British Slavist, Russian-English translator

Oliver James Ready (born 17 April 1976) is a British Slavist and Russian-English translator.

== Biography ==
In 1994–1998, he studied Modern Languages (Russian and Italian) at Worcester College, Oxford. In 2000–2001, he did MA in Russian Studies at SSEES, University College London. In 2007, he completed his DPhil at Wolfson College, Oxford.

In 2008–2017, he was consultant editor for Russian and East-Central Europe at The Times Literary Supplement.

Since 2010, he has been a research fellow at St Antony's College, Oxford. In 2011–2014, he was director of the Russkiy Mir Program.
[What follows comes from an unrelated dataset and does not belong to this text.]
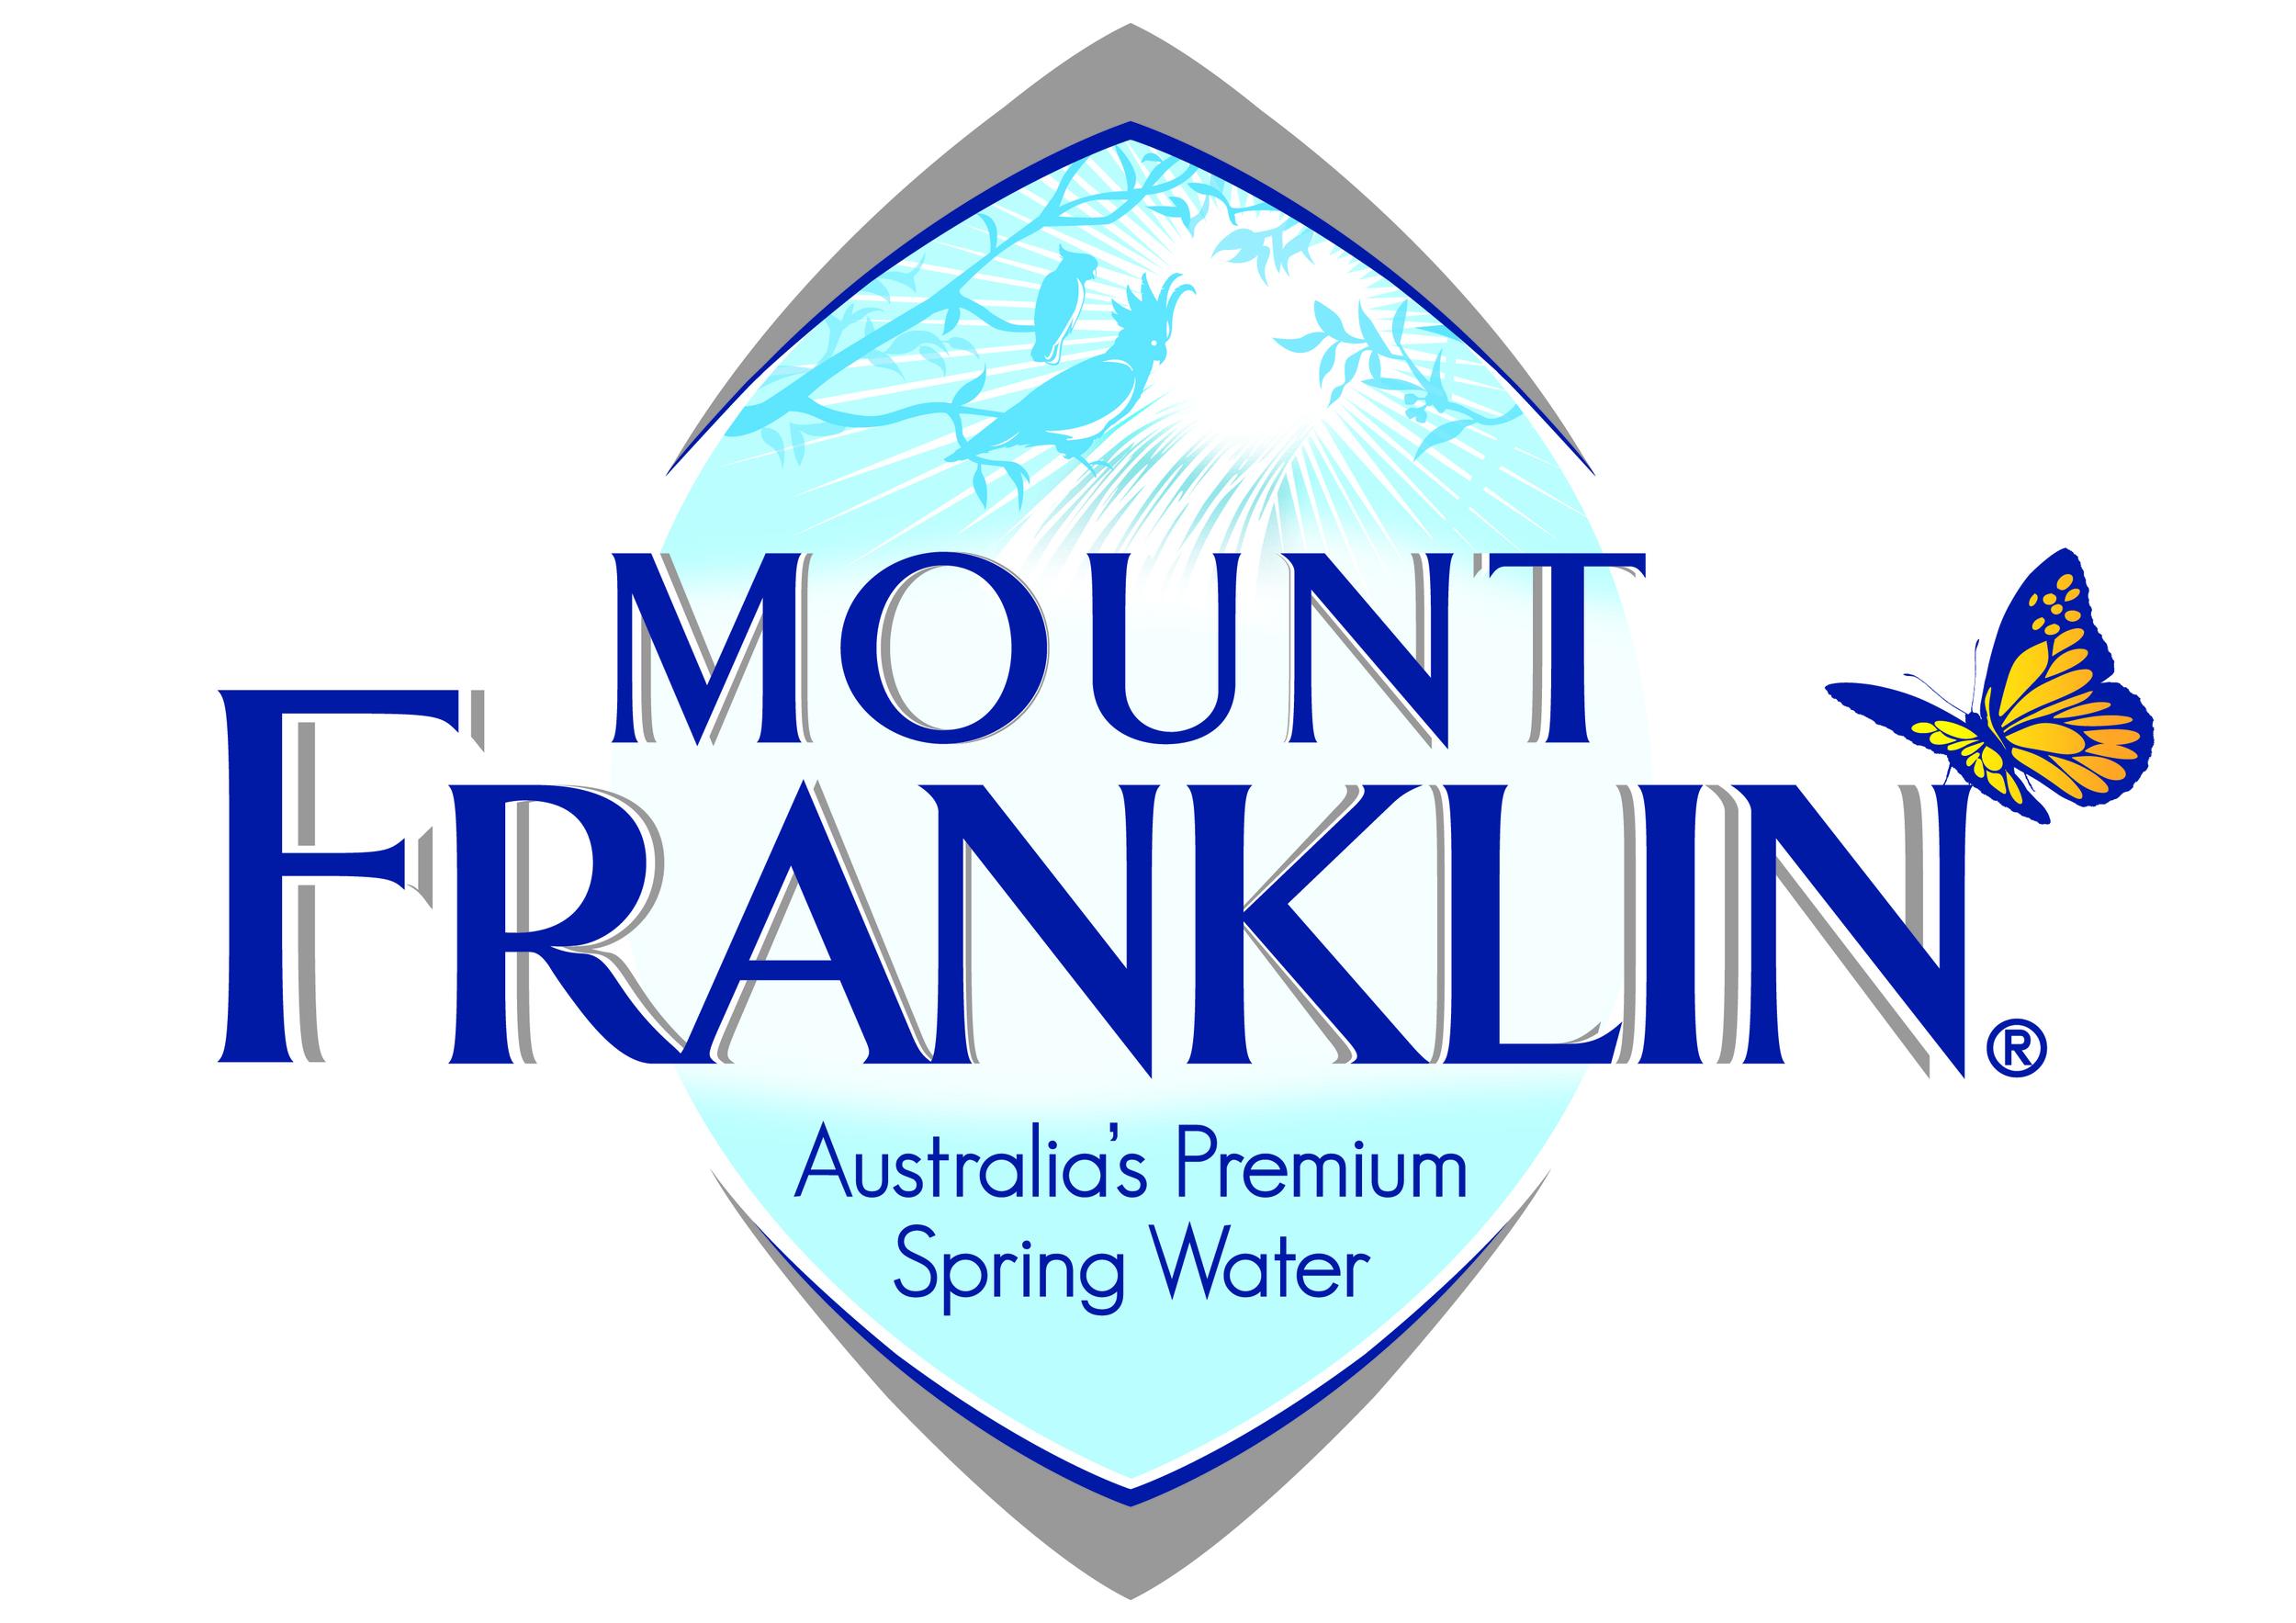 7. Mount Franklin_HI RES_Label_Logo.jpg

Since 2014, he has been working as a teacher of Russian literature at the University of Oxford.

== Literary translation ==
Oliver Ready came to the attention of the general public in 2014 when his translation of Fyodor Dostoevsky's novel Crime and Punishment was published. In a review with the telling title "This new translation of Crime and Punishment is a masterpiece", the writer and critic A. N. Wilson writes: "Sometimes, though, a new translation really makes us see a favourite masterpiece afresh", which is followed by claims that Ready's translation is better than the classic translations of Constance Garnett and David Magarshak.

== Bibliography ==

=== Author ===

- Persisting in Folly: Russian Writers in Search of Wisdom, 1963–2013 (Peter Lang: Oxford, 2017) (Russian Transformations: Literature, Culture and Ideas). ISBN 978-1-78707-401-9.

=== Translator ===

- Yury Buida: The Zero Train = Дон Домино (London: Dedalus, 2001; ISBN 978-1-903517-01-7)
- Yury Buida: The Prussian Bride = Прусская невеста (London: Dedalus, 2002; ISBN 978-1-903517-06-2)
- Fyodor Dostoyevsky. Crime and Punishment = Преступление и наказание (London: Penguin Books, 2014; ISBN 978-0-14-119280-2)
- Vladimir Sharov. Before and During = До и во время (London: Dedalus, 2014; ISBN 978-1-9076-5071-0)
- Ivan Maisky: The Maisky Diaries: The Wartime Revelations of Stalin's Ambassador in London = Дневник дипломата (Лондон, 1934–1943) (edited by Gabriel Gorodetsky, translated by Oliver Ready and Tatiana Sorokina. — London: London Yale University Press, 2016; ISBN 978-0-300-22170-1)
- Vladimir Sharov: The Rehearsals = Репетиции (London: Dedalus, 2018; ISBN 978-1910213148)
- Nikolai Gogol: And the Earth Will Sit on the Moon = Рассказы (London: Pushkin Press, 2019; ISBN 9781782275152)
- Vladimir Sharov: Be as Children = Будьте как дети (London: Dedalus, 2021)

== Acclaim ==

- 2005 — Rossica Translation Prize for translation of the short-story cycle The Prussian bride (author Yuri Buida) into English.
- 2015 — Read Russia English Translation Prize for translation of the novel Before and during (author Vladimir Sharov) into English.
- 2016 — shortlist of the PEN Translation Prize for translation of the novel Crime and Punishment (author Fyodor Dostoevsky) into English.
- 2018 — Read Russia Prize for translation of the novel Rehearsals (author Vladimir Sharov) into English.